Supplied entries Start Marker

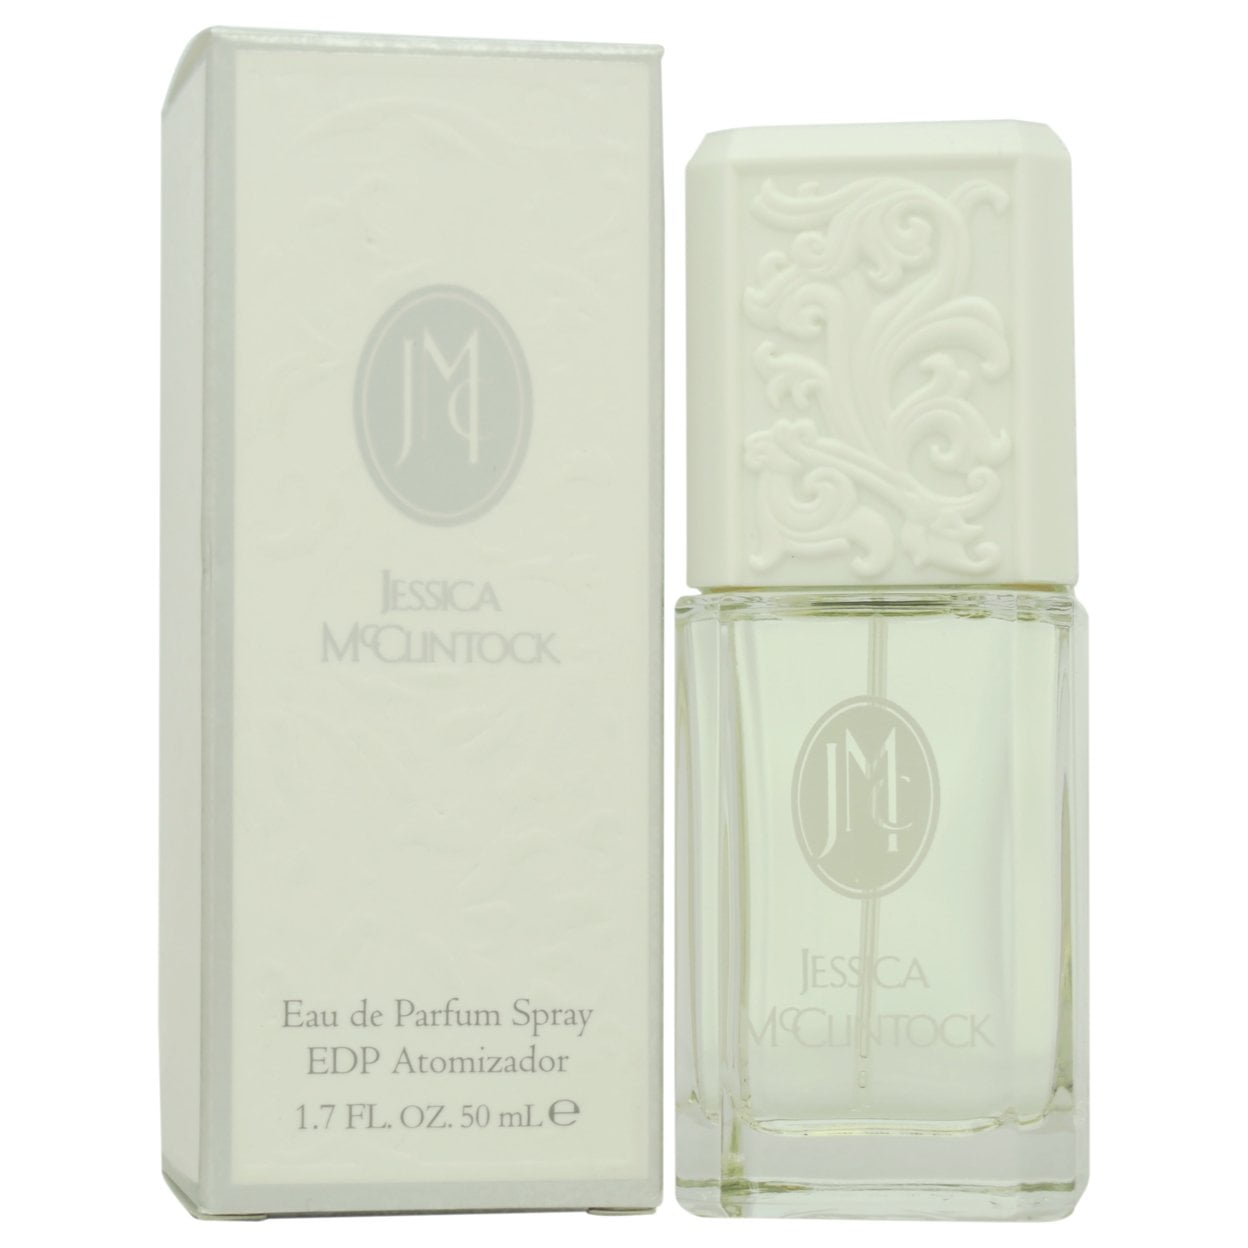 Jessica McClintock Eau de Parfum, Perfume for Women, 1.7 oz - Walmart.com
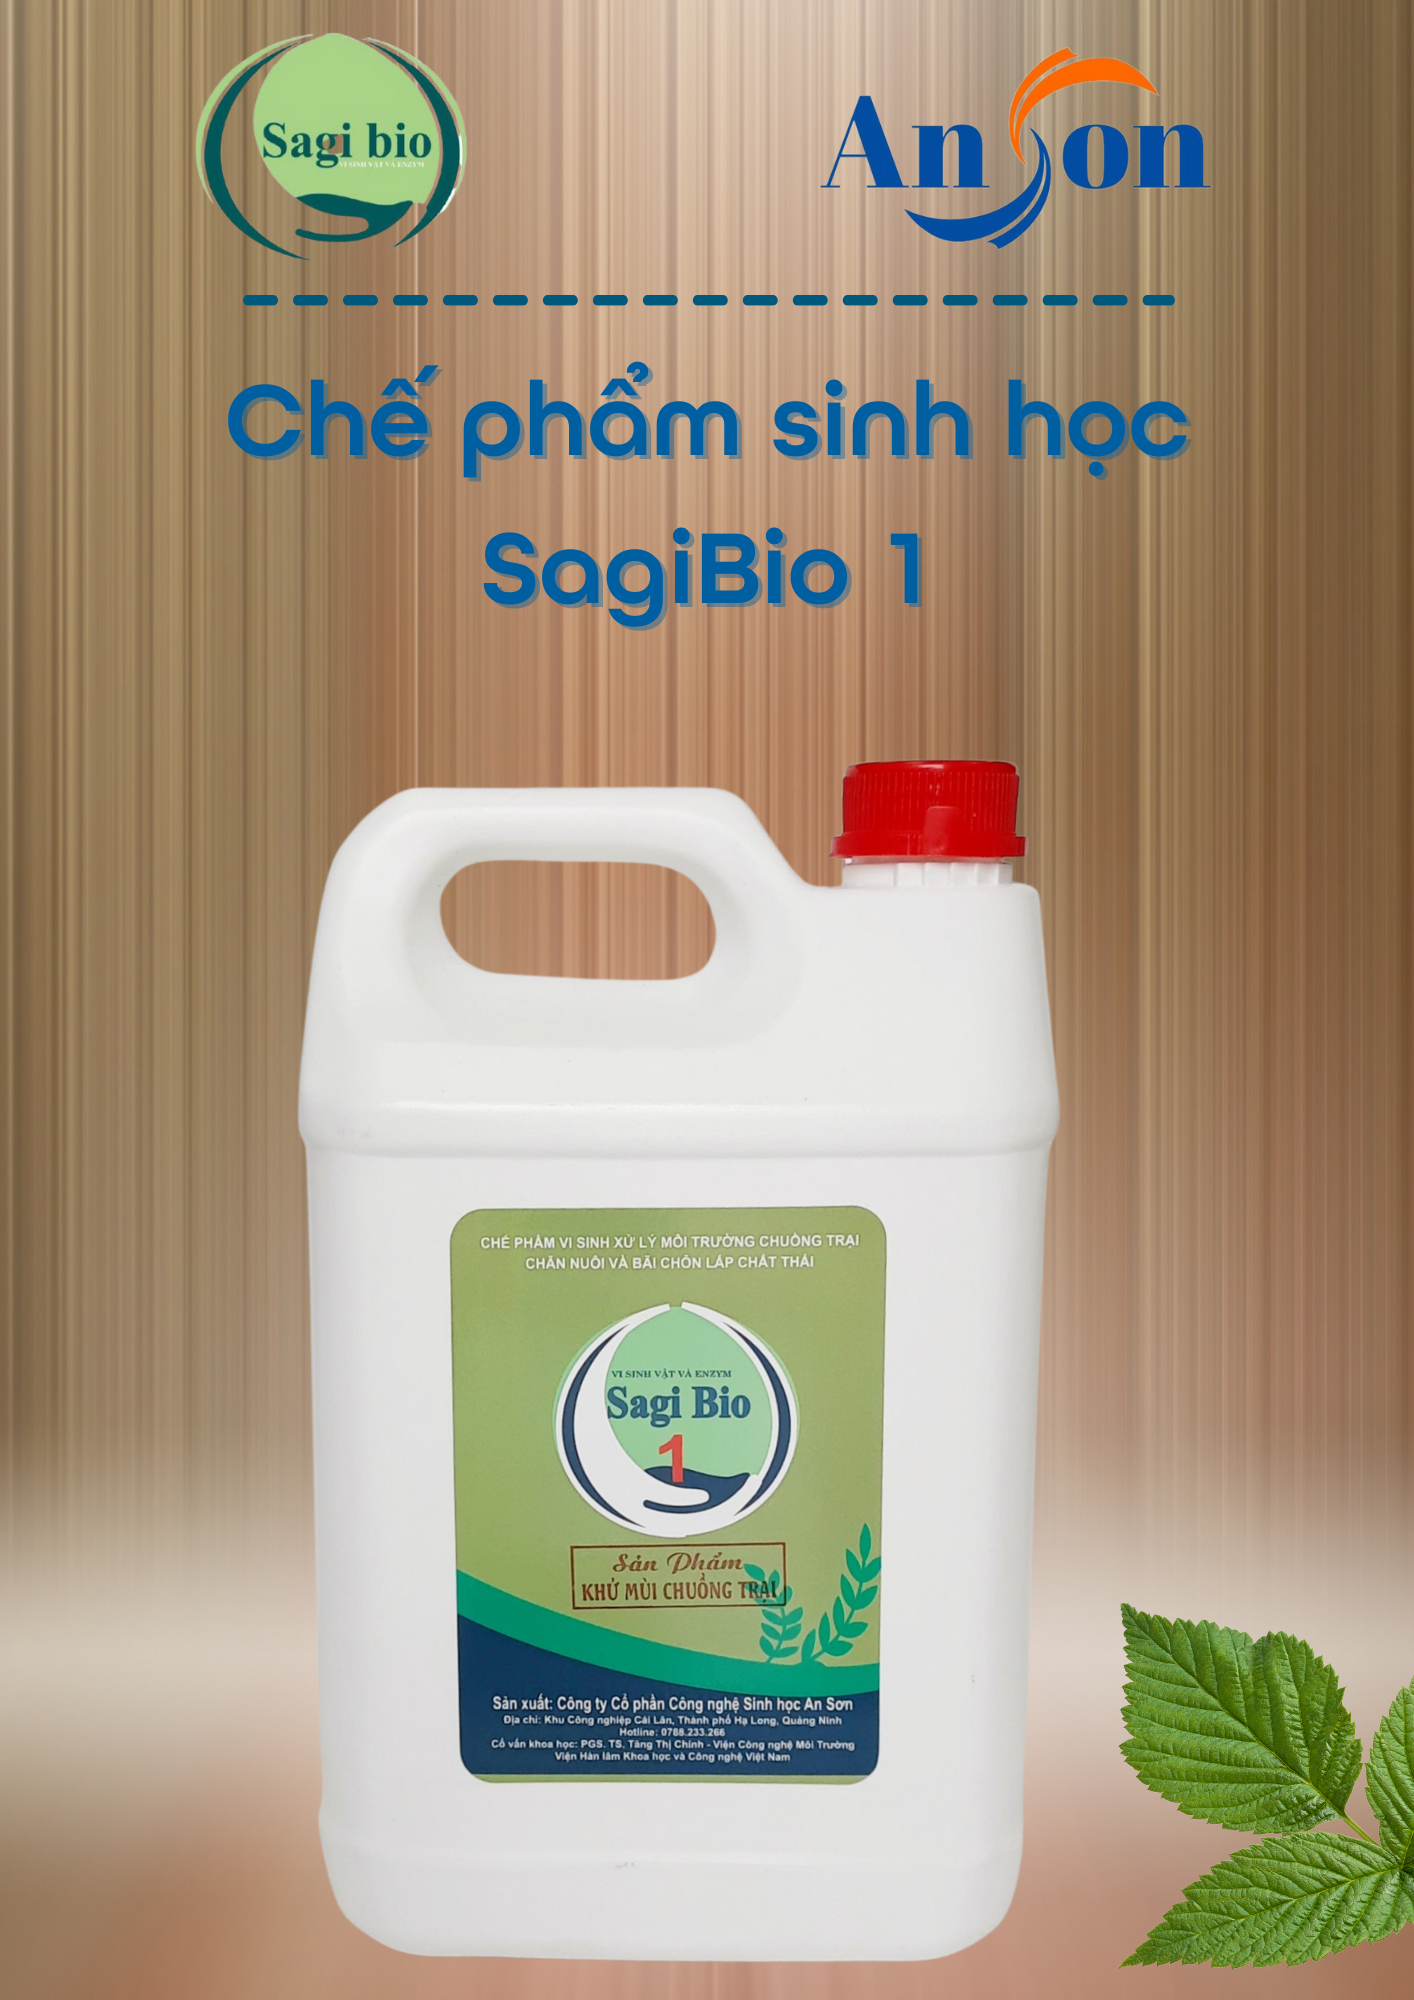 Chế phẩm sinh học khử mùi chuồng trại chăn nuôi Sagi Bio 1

Supplied entries End Marker
Supplied entries Start Marker

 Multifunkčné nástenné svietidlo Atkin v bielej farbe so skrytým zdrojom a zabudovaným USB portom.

Supplied entries End Marker

◆ What you need to do ◆
Taking the entries above, copy word for word the lines from the one with "Jessica McClintock Eau" up to and including the one with "Chế phẩm sinh", without any picture.

◆ Exercise response ◆
 Jessica McClintock Eau de Parfum, Perfume for Women, 1.7 oz - Walmart.com
 Chế phẩm sinh học khử mùi chuồng trại chăn nuôi Sagi Bio 1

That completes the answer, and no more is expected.